[Records excerpted from a collection]

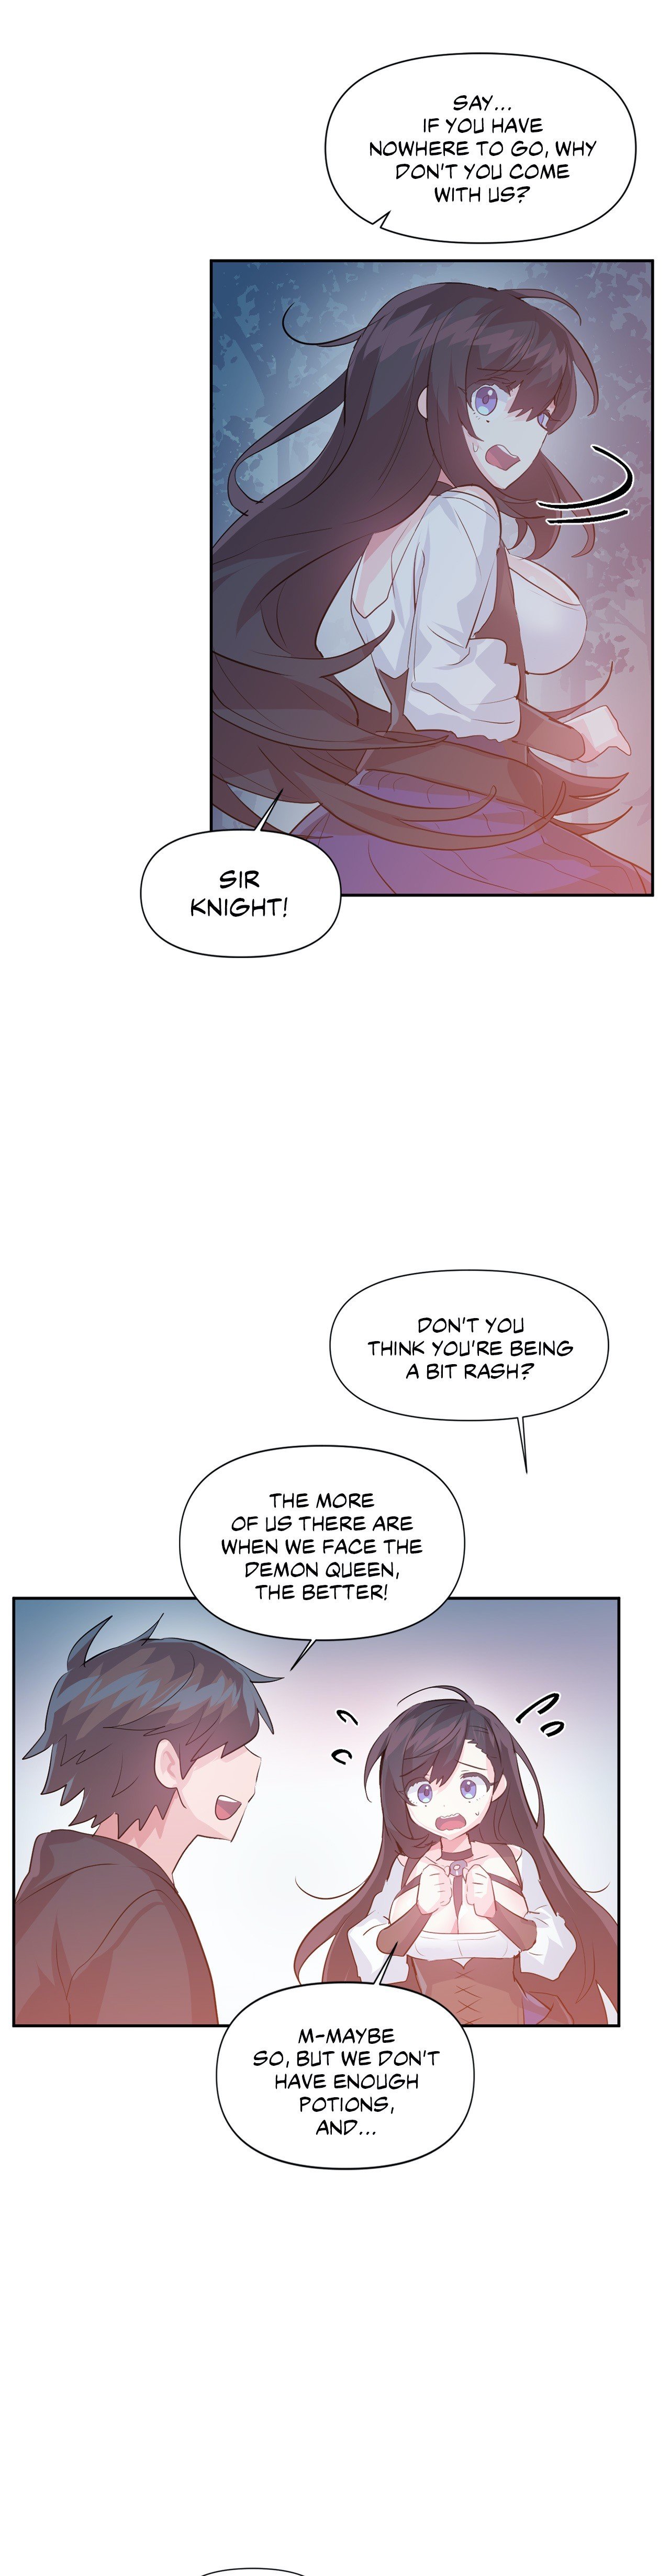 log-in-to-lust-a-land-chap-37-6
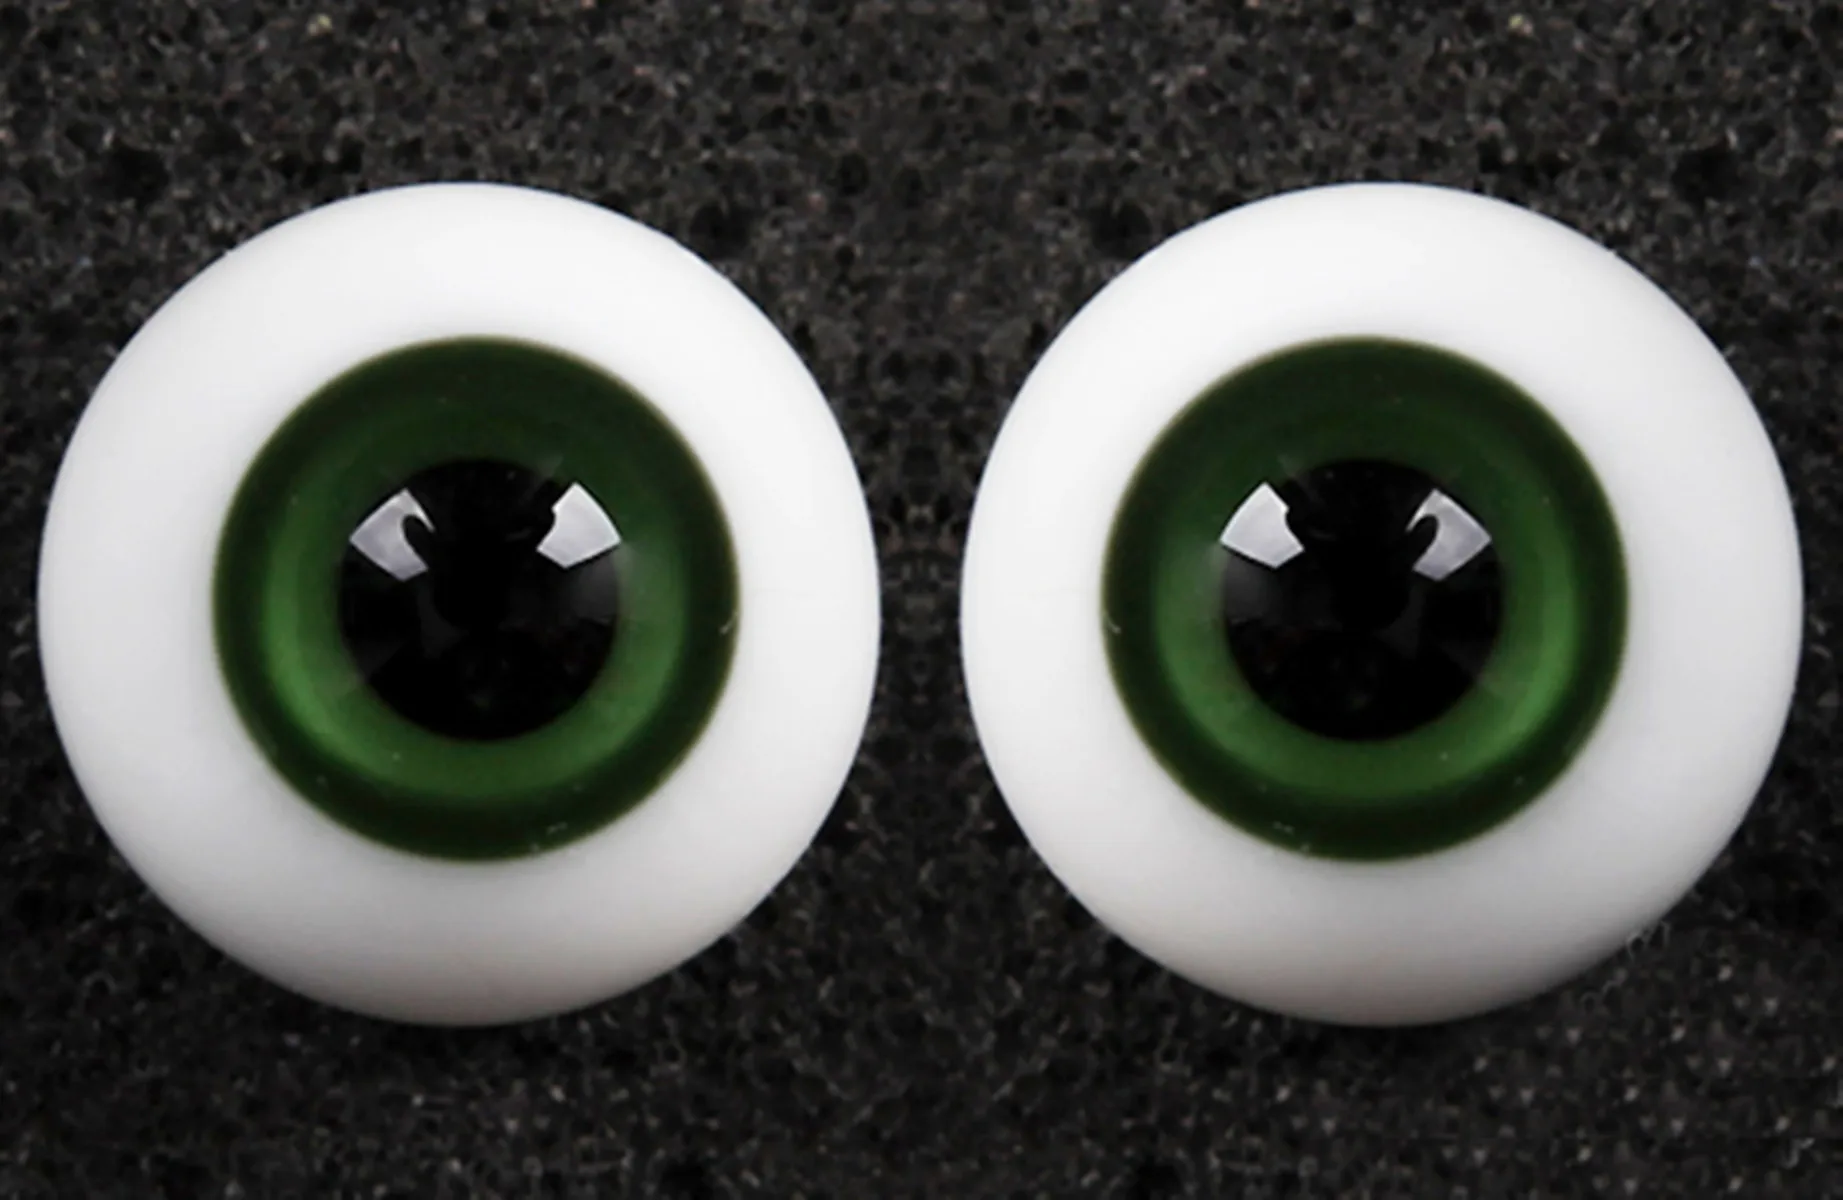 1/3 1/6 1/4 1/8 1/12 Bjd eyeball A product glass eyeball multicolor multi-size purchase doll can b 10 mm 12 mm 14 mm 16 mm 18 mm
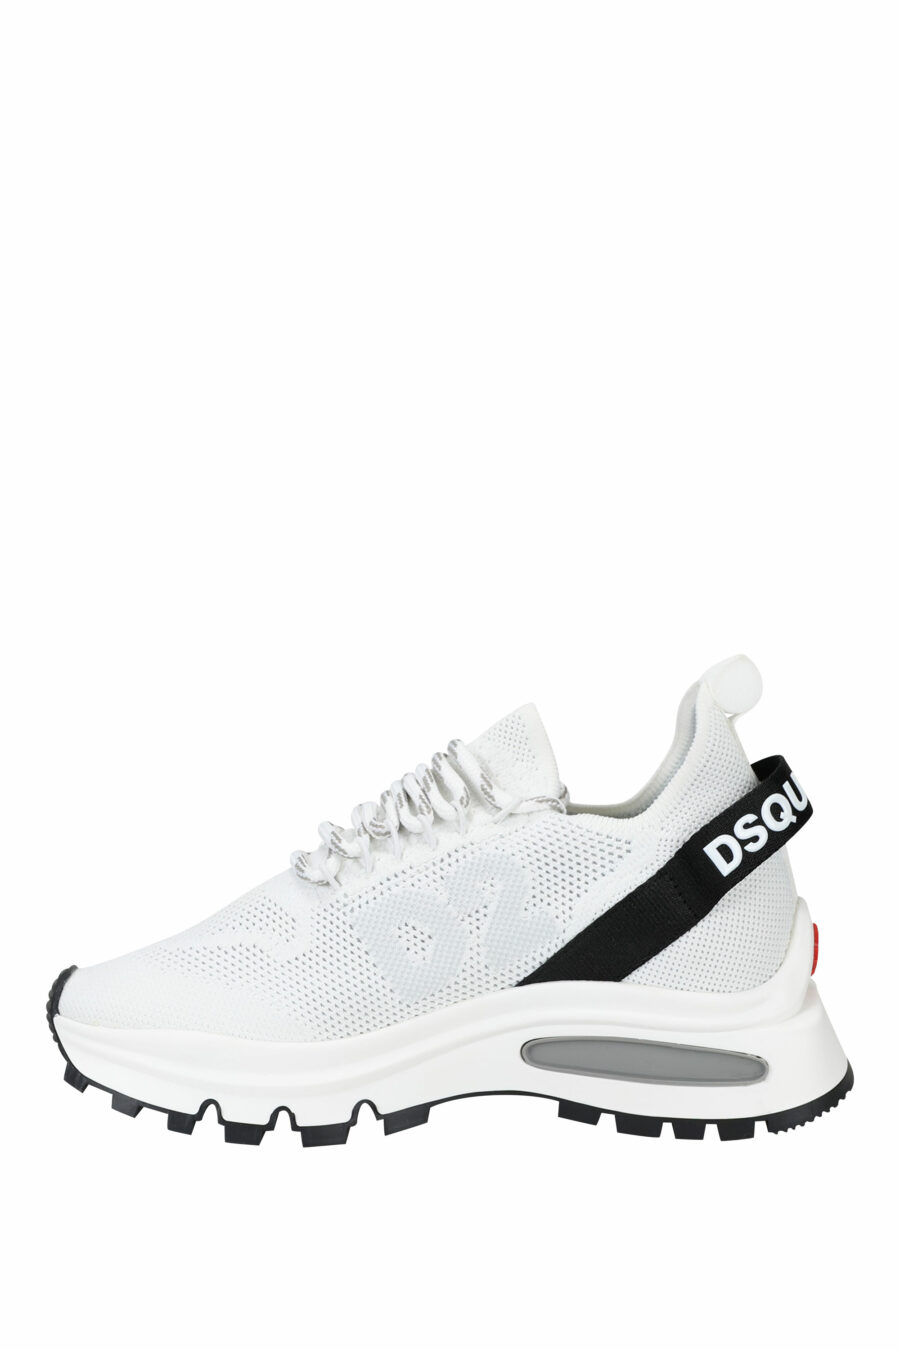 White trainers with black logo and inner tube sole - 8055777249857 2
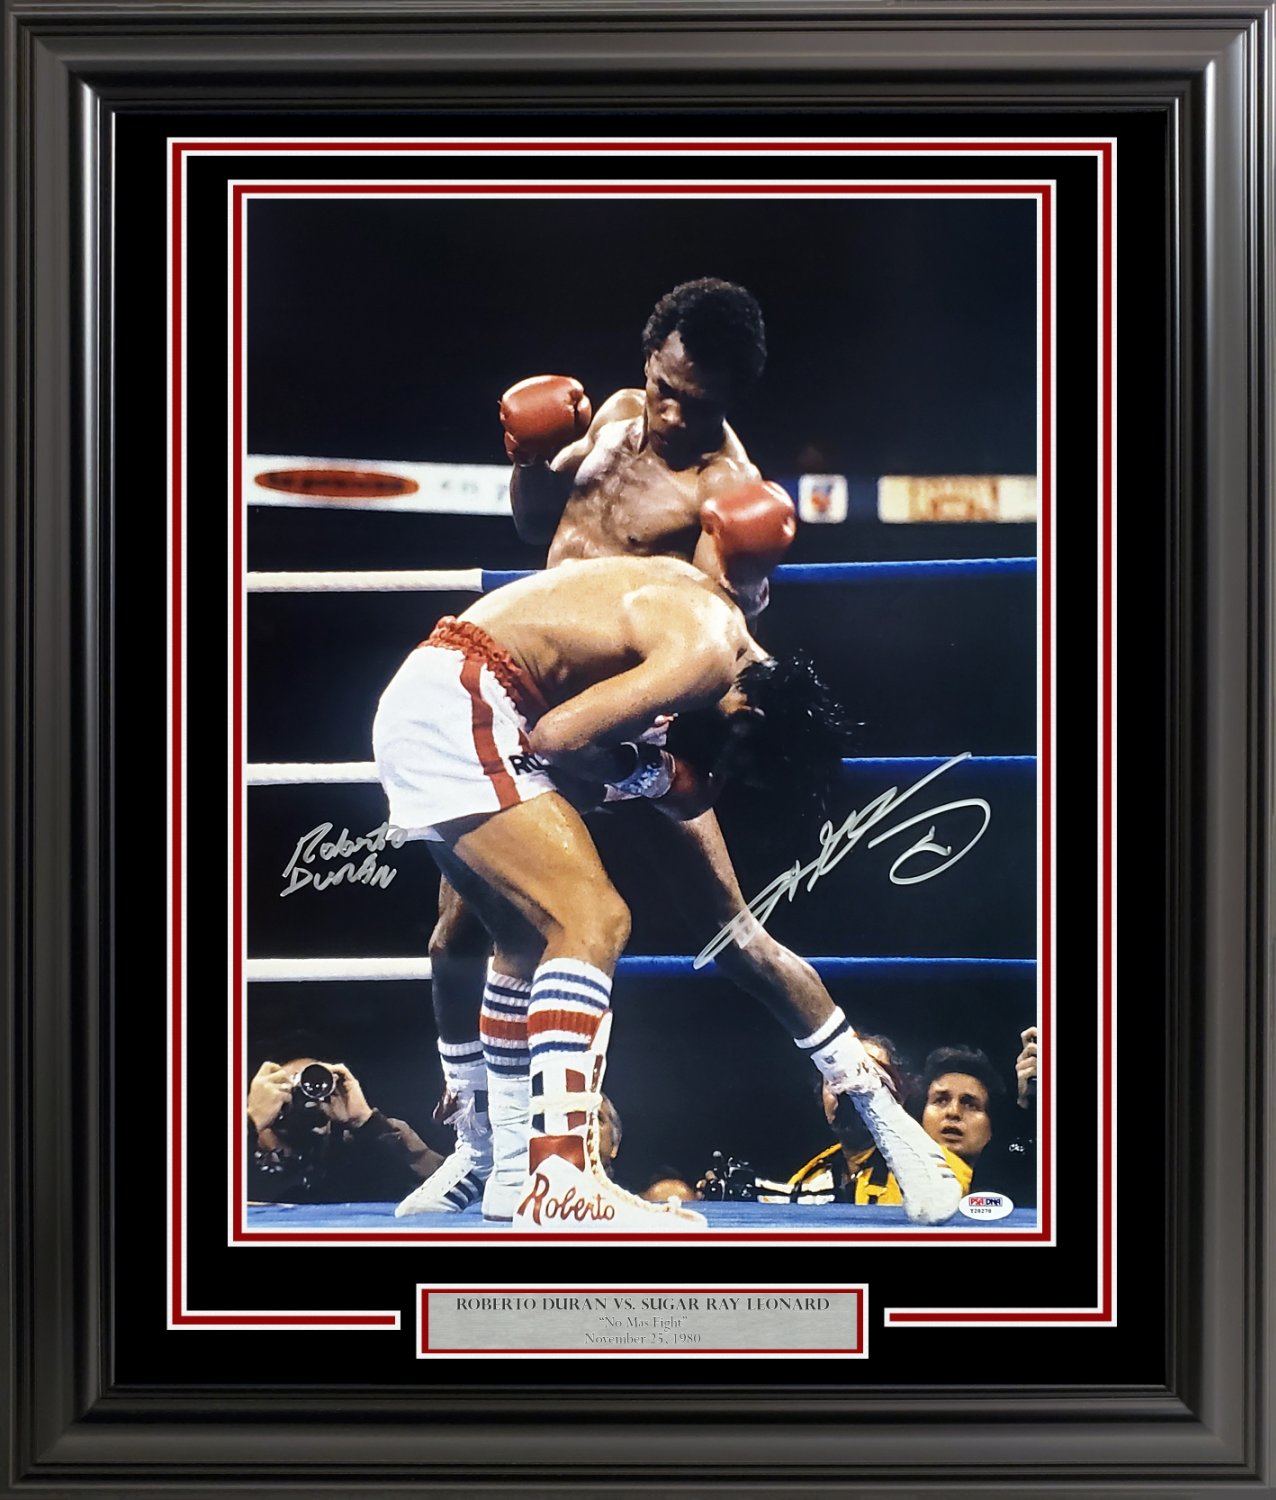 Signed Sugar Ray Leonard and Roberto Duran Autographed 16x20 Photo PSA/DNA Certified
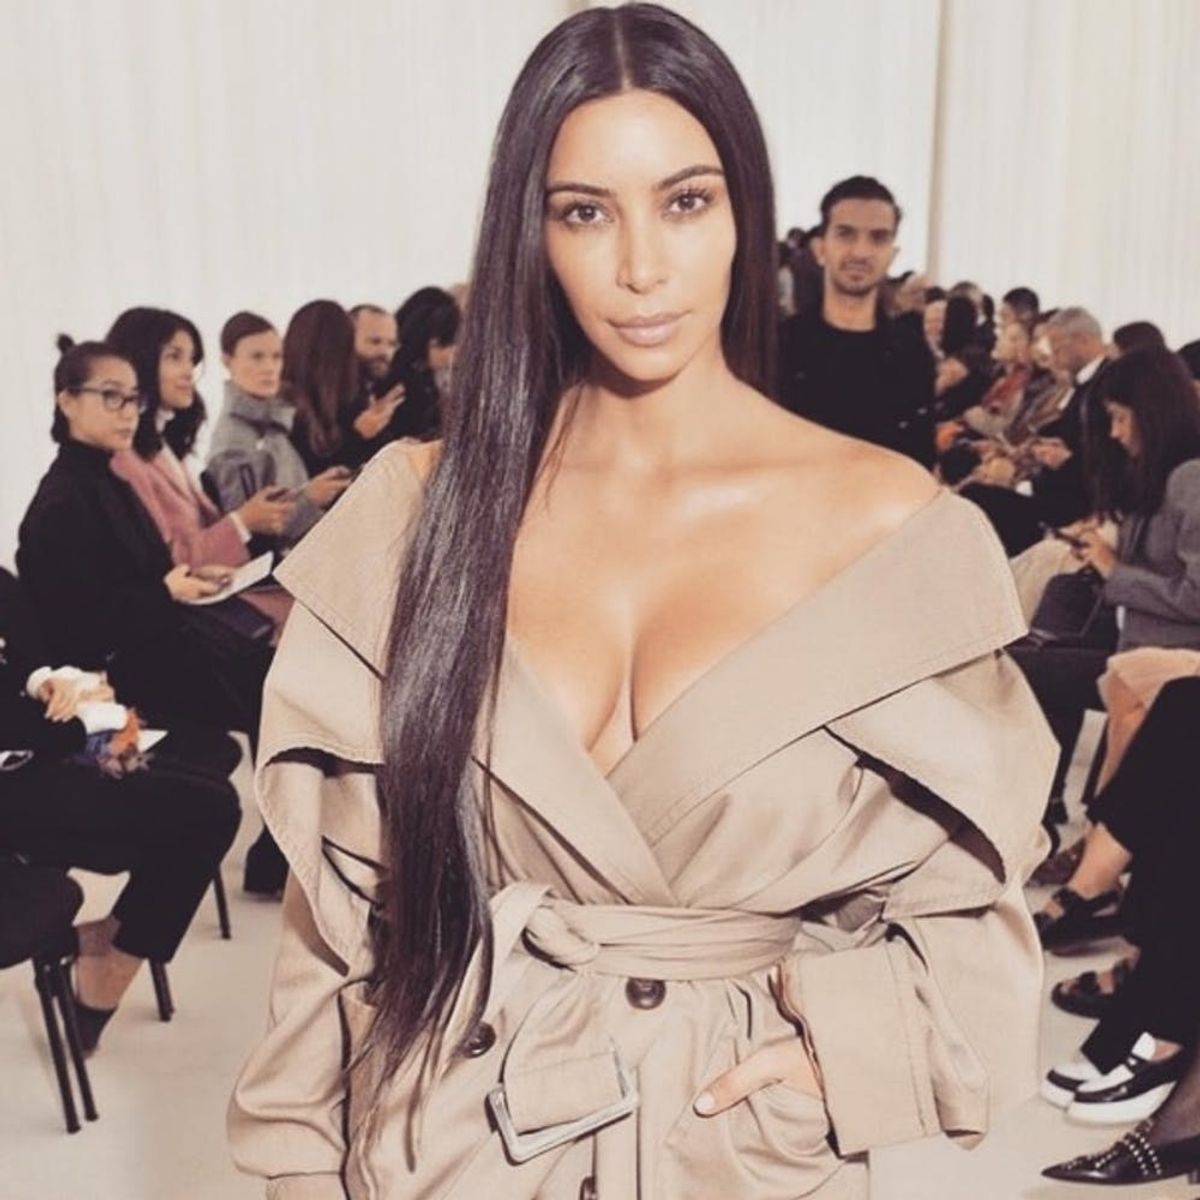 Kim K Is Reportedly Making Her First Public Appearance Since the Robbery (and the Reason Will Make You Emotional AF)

▸ Task item:
An exact reproduction of all the records is required, with no pictures included.

▸ Response to the exercise:
 log-in-to-lust-a-land-chap-37-6
 1/3 1/6 1/4 1/8 1/12 Bjd eyeball A product glass eyeball multicolor multi-size purchase doll can b 10 mm 12 mm 14 mm 16 mm 18 mm
 White trainers with black logo and inner tube sole - 8055777249857 2
 Signed Sugar Ray Leonard and Roberto Duran Autographed 16x20 Photo PSA/DNA Certified
 Kim K Is Reportedly Making Her First Public Appearance Since the Robbery (and the Reason Will Make You Emotional AF)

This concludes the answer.